• Activity: I need the lines below from the one with "A bottle 2020" down to the one with "Cefteria 90mg/5ml Powder for Suspension" reproduced exactly, both ends included, and nothing else.

• Data provided:
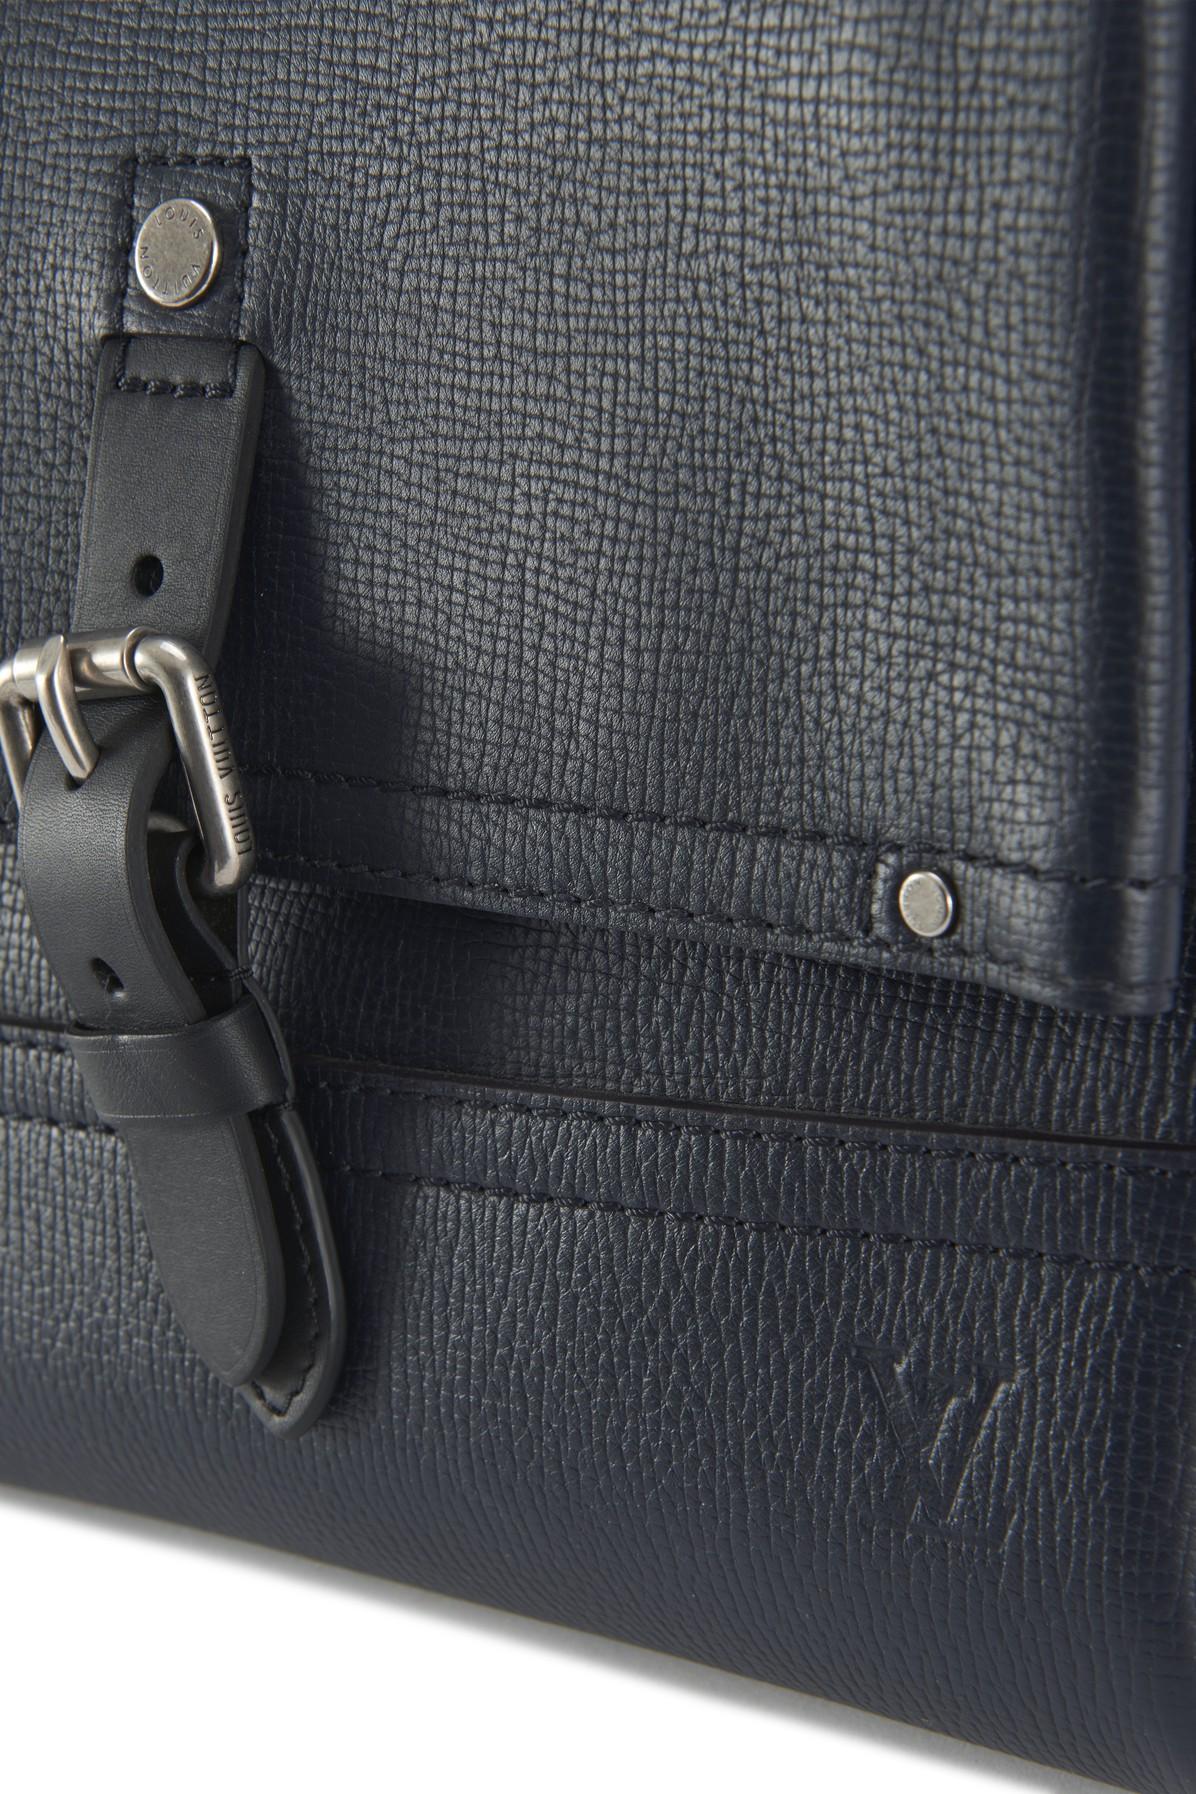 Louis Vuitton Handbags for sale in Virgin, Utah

* * *

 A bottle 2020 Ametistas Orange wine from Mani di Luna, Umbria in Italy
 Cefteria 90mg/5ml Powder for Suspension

==

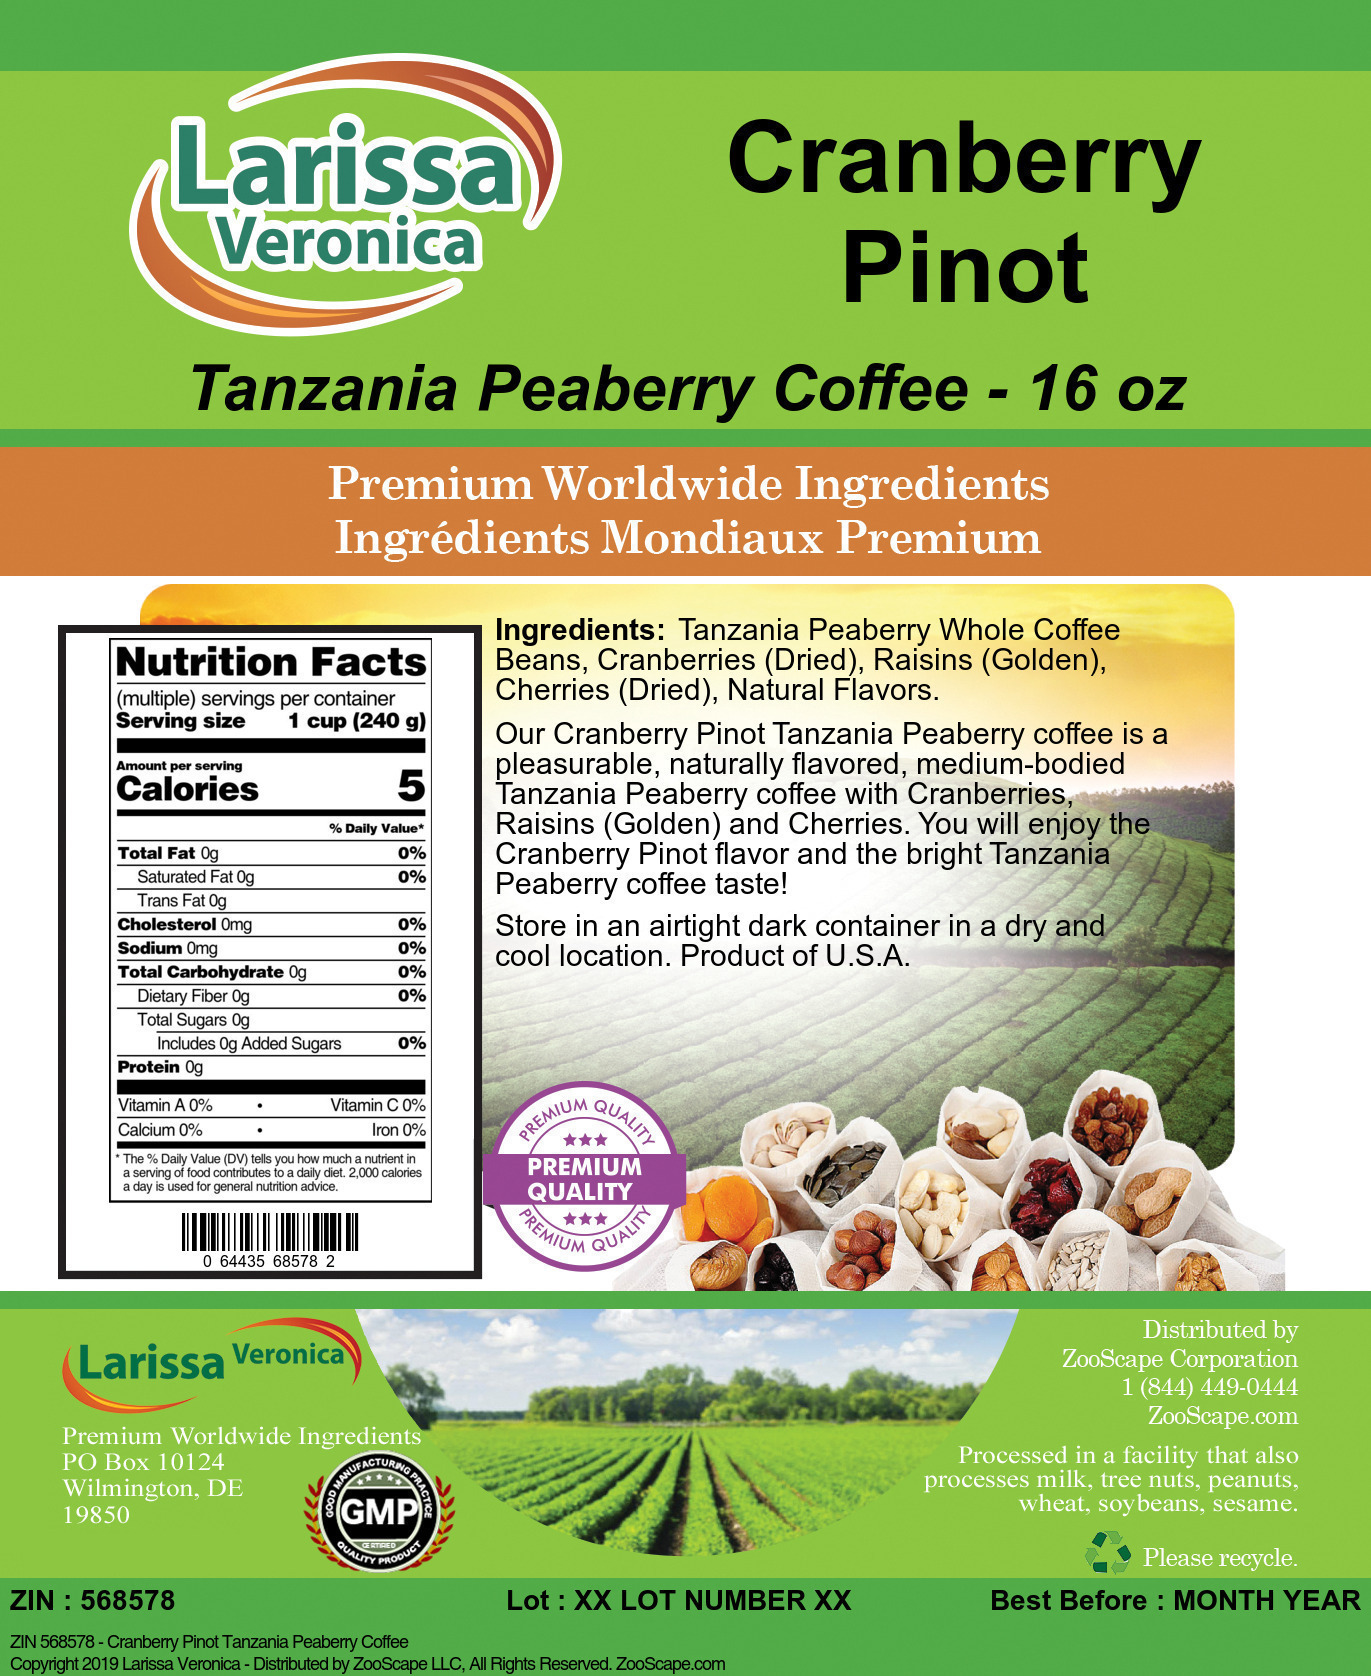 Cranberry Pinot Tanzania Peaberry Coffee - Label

• Written answer:
 A bottle 2020 Ametistas Orange wine from Mani di Luna, Umbria in Italy
 Cefteria 90mg/5ml Powder for Suspension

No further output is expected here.